All tables live in the `dq` schema (configurable). Three categories:

| Category | Tables |
|---|---|
| **Framework-Seeded** (auto-populated by `setup()`) | `masterDataCategory`, `masterPattern` |
| **User-Managed** (populated via `ConfigManager` or SQL) | `masterField`, `configFieldValues`, `configFieldAllowedPattern`, `configCustomQuery`, `mapDQChecks` |
| **Results** (auto-populated by `run_assessment()`) | `auditDQChecks`, `statDQChecks` |

| Table | Purpose |
|---|---|
| `masterDataCategory` | 27 field type classifications |
| `masterPattern` | 118 built-in validation patterns. Custom patterns use `_ID >= 1000` (IDs 1–999 are reserved for built-ins) |
| `masterField` | Source fields registered for assessment |
| `configFieldValues` | Data length (L01) and value range (L04) boundaries |
| `configFieldAllowedPattern` | Pattern allow/block rules per field |
| `configCustomQuery` | Custom validation expressions — plain regex, Spark SQL, or named validators (L02) |
| `mapDQChecks` | Maps source field → curated table column |
| `auditDQChecks` | Row-level violation audit log (failures only, append-only) |
| `statDQChecks` | Aggregated pass/fail statistics per execution (append-only) |

> **`generate_rule_functions()` output**: Prints a `•` line for each registered checker with its SQL expression count. Any DQ function referenced in `mapDQChecks` that has no rules configured (in `configFieldValues`, `configFieldAllowedPattern`, or `configCustomQuery`) is flagged with ⚠ and skipped by the assessment runner — avoiding misleading 100% quality scores for unchecked fields.

---

## Validation Levels (in order, early-exit on first failure)

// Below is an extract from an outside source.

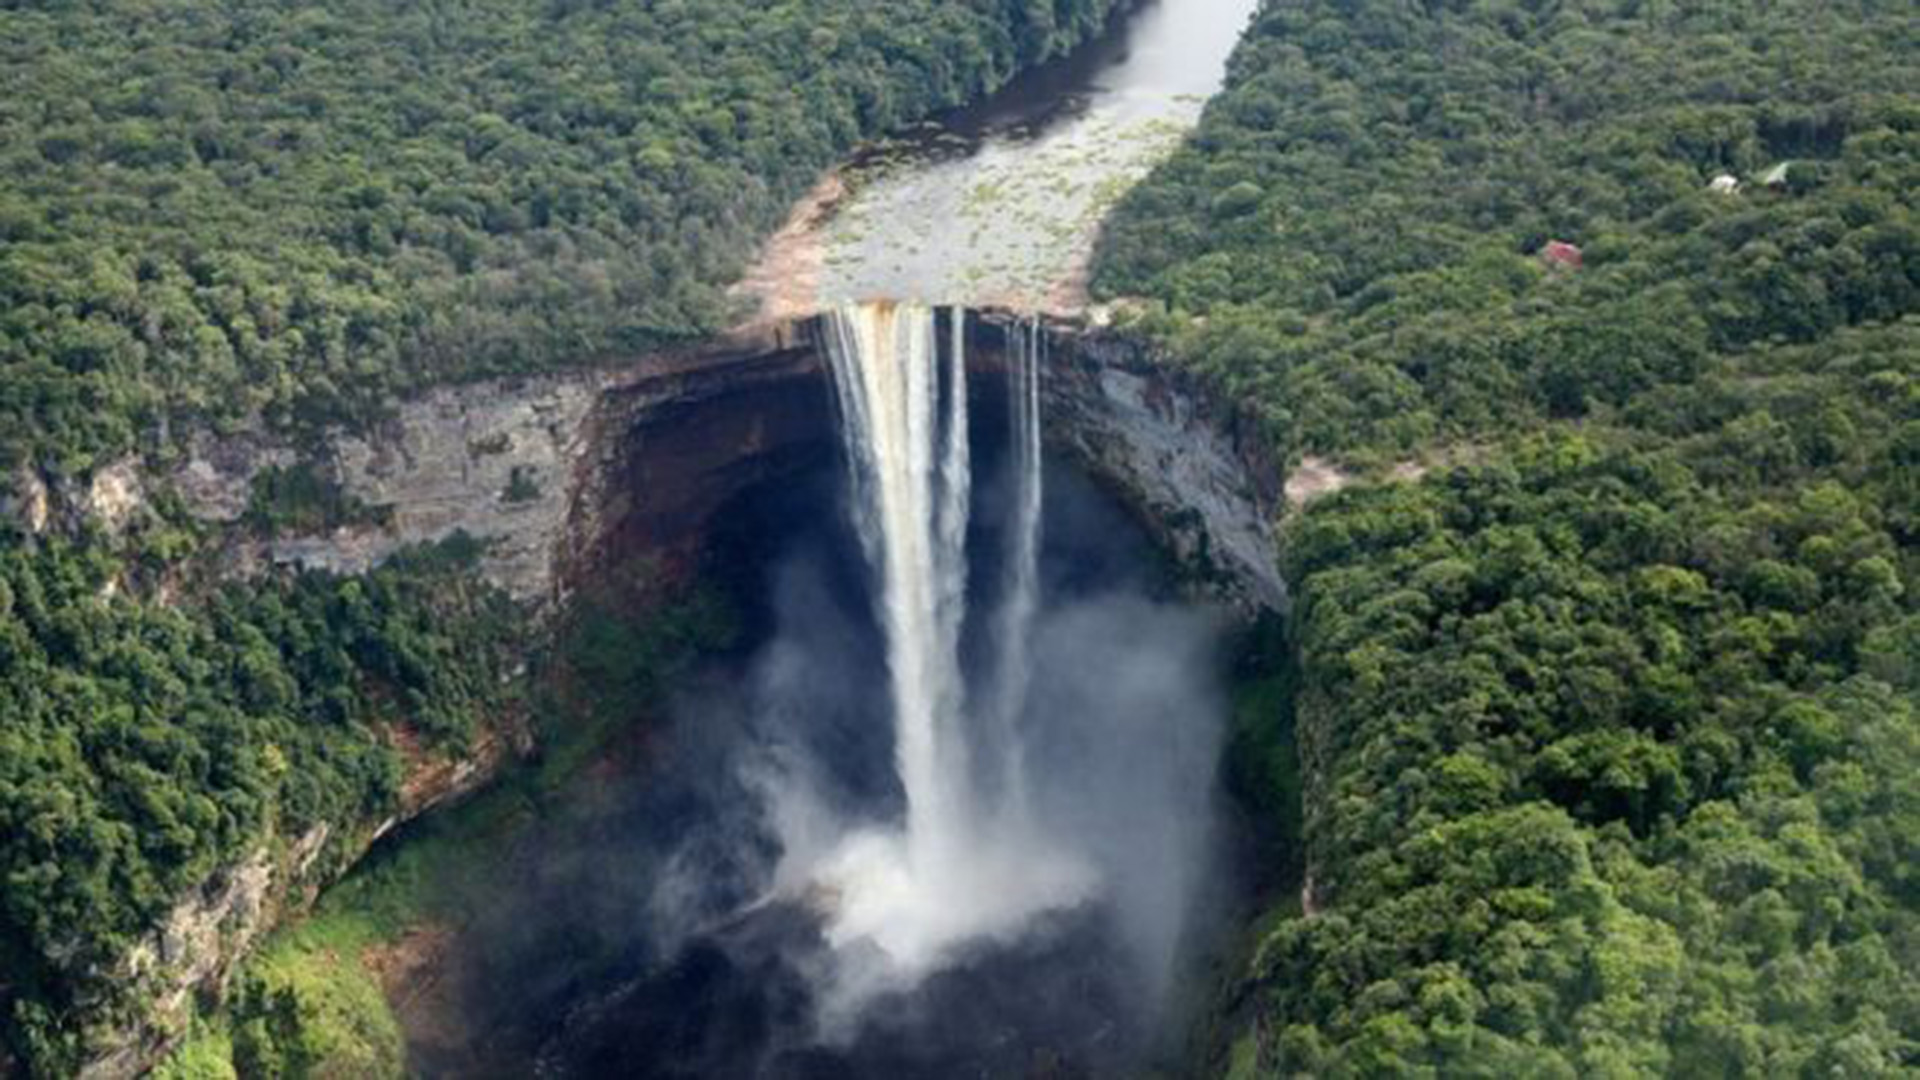 Las cataratas Kaieteur están ubicadas en la zona en disputa, conocida por lo venezolanos como Guyana Esequiba

Each generated field checker implements the same 5-level hierarchy as the SQL TVF:

| Level | Check Type | Priority |
|---|---|---|
| **L01** | Data Length range (min/max character count) | Checked first |
| **L02** | Custom expression rules (regex, Spark SQL, or named validator) | Checked second |
| **L03** | 118-pattern checks (in PatternPriority order) | Checked third |
| **L04** | Data Value range (min/max value comparison) | Checked fourth |
| **L99** | Default PASS (if all prior checks pass) | Final |

**Early exit**: The checker returns immediately on first failure.
Re-run after fixing the first violation to surface the next.

---

## 118 Patterns across 10 Categories

| Category | Count | Examples |
|---|---|---|
| `DataType1` | 3 | Is Fully Numeric, Is Fully Decimal, Is Fully Text |
| `DataType2` | 1 | Is AlphaNumeric |
| `DataType3` | 4 | Is Date, Is Time, Is Timestamp, Is Boolean |
| `SpecialCharacter` | 32 | Has Comma, Has At Sign, Has Hyphen, Has Pipe Symbol, … |
| `SpaceFound` | 1 | Has Space |
| `DataEmptiness` | 34 | Is Empty or NULL, Is Virtually Empty with Spaces, … |
| `InvalidKeyword` | 40 | Has Keyword-n/a, Has Keyword-null, Has Keyword-missing, … |
| `FullyDuplicatedCharacter` | 1 | Has Fully Duplicated Character (e.g. "aaaa") |
| `UnicodeCharacters` | 1 | Has Unicode Characters (outside printable ASCII 0x20–0x7E) |
| `CasingCheck` | 2 | Has Lowercase Character, Has Uppercase Character |

**Total: 118 built-in patterns.** Pattern IDs 1–999 are reserved for framework use.
To add custom patterns (e.g. domain-specific invalid keywords), use IDs `>= 1000`.

---

## Pattern Resolution (L0A — three levels of granularity)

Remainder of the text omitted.